In [1]: import locale, string

In [2]: from decimal import Decimal

In [3]: n = ['$1,234.56','-$1,234.56','($1,234.56)', '$ -1,234.56']

In [4]: tbl = string.maketrans('(','-')

In [5]: %timeit -n10000 [locale.atof( x.translate(tbl, '$)')) for x in n]
10000 loops, best of 3: 31.9 æs per loop

In [6]: %timeit -n10000 [Decimal( x.translate(tbl, '$,)')) for x in n]
10000 loops, best of 3: 21 æs per loop

In [7]: %timeit -n10000 [float( x.replace('(','-').translate(None, '$,)')) for x in n]
10000 loops, best of 3: 3.49 æs per loop

In [8]: %timeit -n10000 [float( x.translate(tbl, '$,)')) for x in n]
10000 loops, best of 3: 2.19 æs per loop

请注意，必须从 float()/Decimal() 中删除逗号。带翻译表的replace() 或translate() 可用于将开头( 转换为-，翻译稍快一些。float() 最快10-15 倍，但缺乏精度，可能会出现区域设置问题。Decimal( ）具有精度，并且比 locale.atof() 快 50%，但也存在区域设置问题。 locale.atof() 是最慢的，但最通用。

编辑：新的 str.translate API（字符）映射到 None 从 str.translate 函数移至翻译表）

In [1]: import locale, string
        from decimal import Decimal

        locale.setlocale(locale.LC_ALL, '')

        n = ['$1,234.56','-$1,234.56','($1,234.56)', '$ -1,234.56']

In [2]: tbl = str.maketrans('(', '-', '$)')
        %timeit -n10000 [locale.atof( x.translate(tbl)) for x in n]
18 µs ± 296 ns per loop (mean ± std. dev. of 7 runs, 10000 loops each)
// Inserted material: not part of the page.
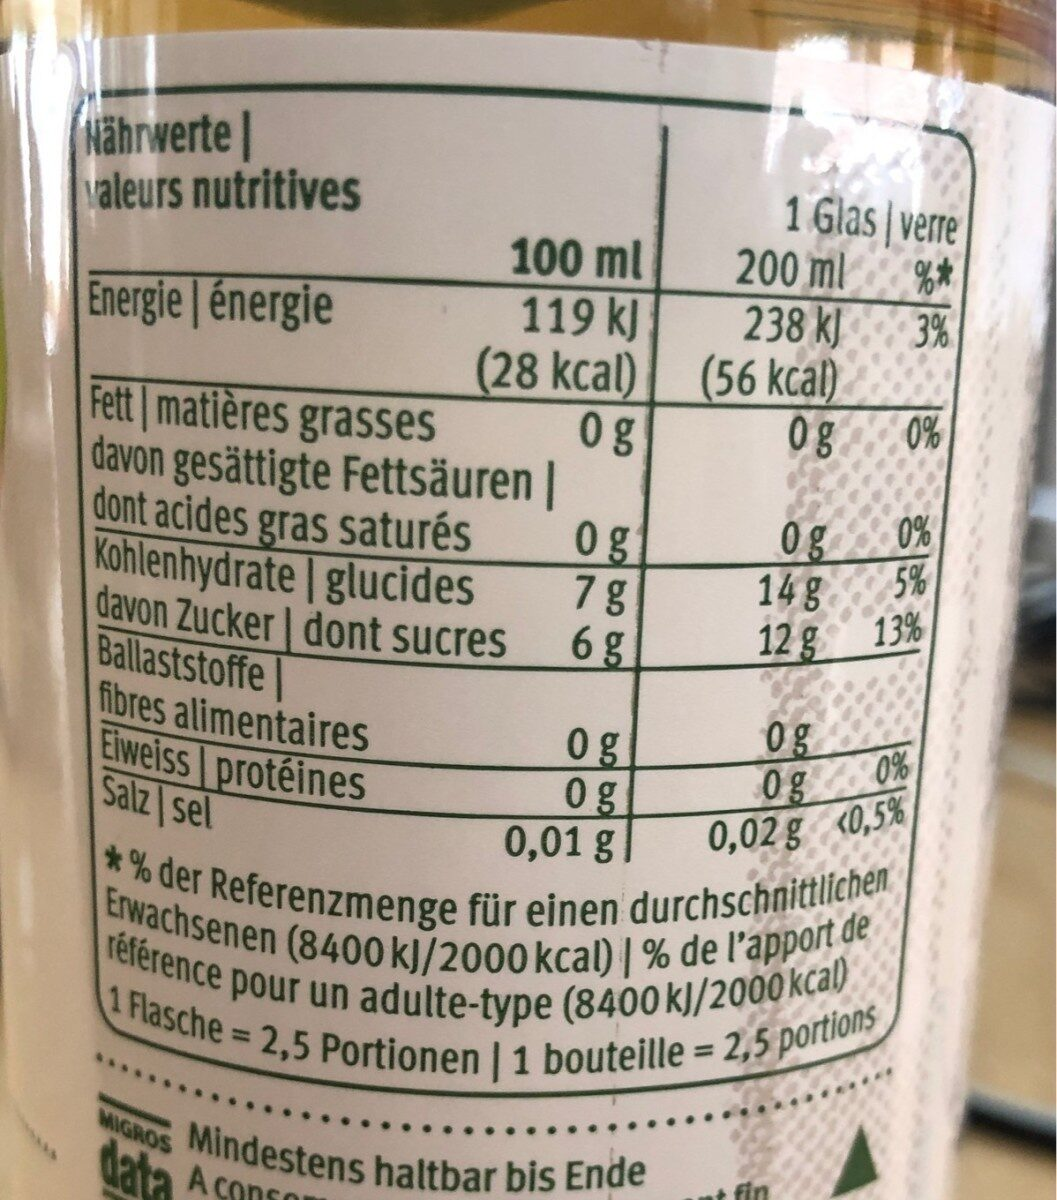 Apfelschorle klar, mit Kohlensäure - Nutrition facts - fr
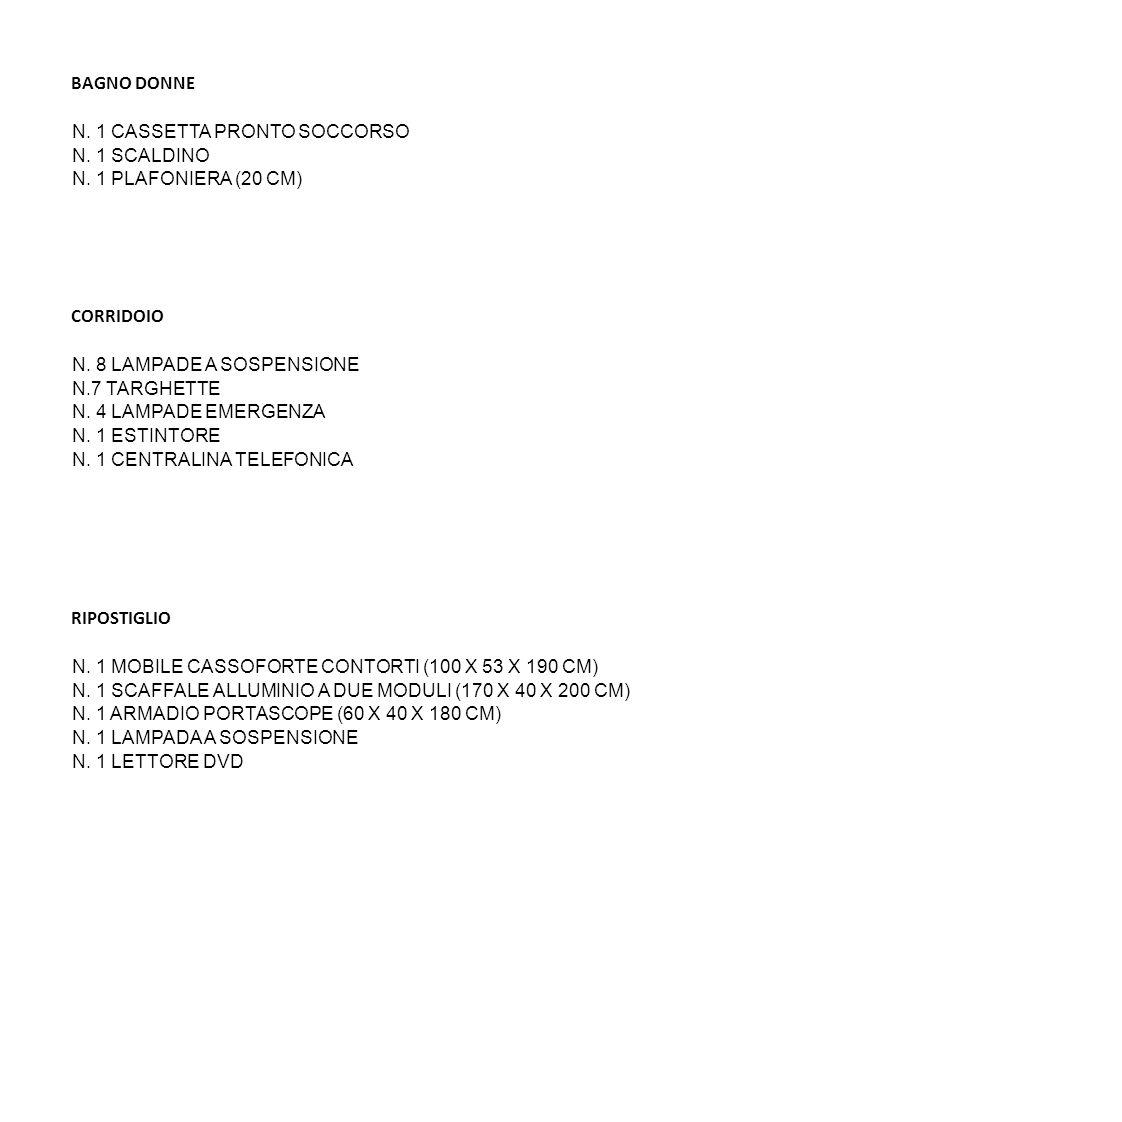 BAGNO DONNE N. 1 CASSETTA PRONTO SOCCORSO N. 1 SCALDINO N. 1 PLAFONIERA (20 CM) CORRIDOIO N. 8 LAMPADE A SOSPENSIONE N.7 TARGHETTE N. 4 LAMPADE EMERGE

In [3]: tbl2 = str.maketrans('(', '-', '$,)')
        %timeit -n10000 [Decimal( x.translate(tbl2)) for x in n]
3.77 µs ± 50.8 ns per loop (mean ± std. dev. of 7 runs, 10000 loops each)

In [4]: %timeit -n10000 [float( x.translate(tbl2)) for x in n]
3.13 µs ± 66.3 ns per loop (mean ± std. dev. of 7 runs, 10000 loops each)

In [5]: tbl3 = str.maketrans('', '', '$,)')
        %timeit -n10000 [float( x.replace('(','-').translate(tbl3)) for x in n]
3.51 µs ± 84.8 ns per loop (mean ± std. dev. of 7 runs, 10000 loops each)

Expanding to include negative numbers in parentheses:

In [1]: import locale, string

In [2]: from decimal import Decimal

In [3]: n = ['$1,234.56','-$1,234.56','($1,234.56)', '$ -1,234.56']

In [4]: tbl = string.maketrans('(','-')

In [5]: %timeit -n10000 [locale.atof( x.translate(tbl, '$)')) for x in n]
10000 loops, best of 3: 31.9 æs per loop

In [6]: %timeit -n10000 [Decimal( x.translate(tbl, '$,)')) for x in n]
10000 loops, best of 3: 21 æs per loop

In [7]: %timeit -n10000 [float( x.replace('(','-').translate(None, '$,)')) for x in n]
10000 loops, best of 3: 3.49 æs per loop

In [8]: %timeit -n10000 [float( x.translate(tbl, '$,)')) for x in n]
10000 loops, best of 3: 2.19 æs per loop

Note that commas must be stripped from float()/Decimal(). Either replace() or translate() w/ a translation table can be used to convert the opening ( to -, translate is slightly faster. float() is fastest by 10-15x, but lacks precision and could present locale issues. Decimal() has precision and is 50% faster than locale.atof(), but also has locale issues. locale.atof() is the slowest, but most general.

Edit: new str.translate API (characters mapped to None moved from str.translate function to the translation table)

In [1]: import locale, string
        from decimal import Decimal

        locale.setlocale(locale.LC_ALL, '')

        n = ['$1,234.56','-$1,234.56','($1,234.56)', '$ -1,234.56']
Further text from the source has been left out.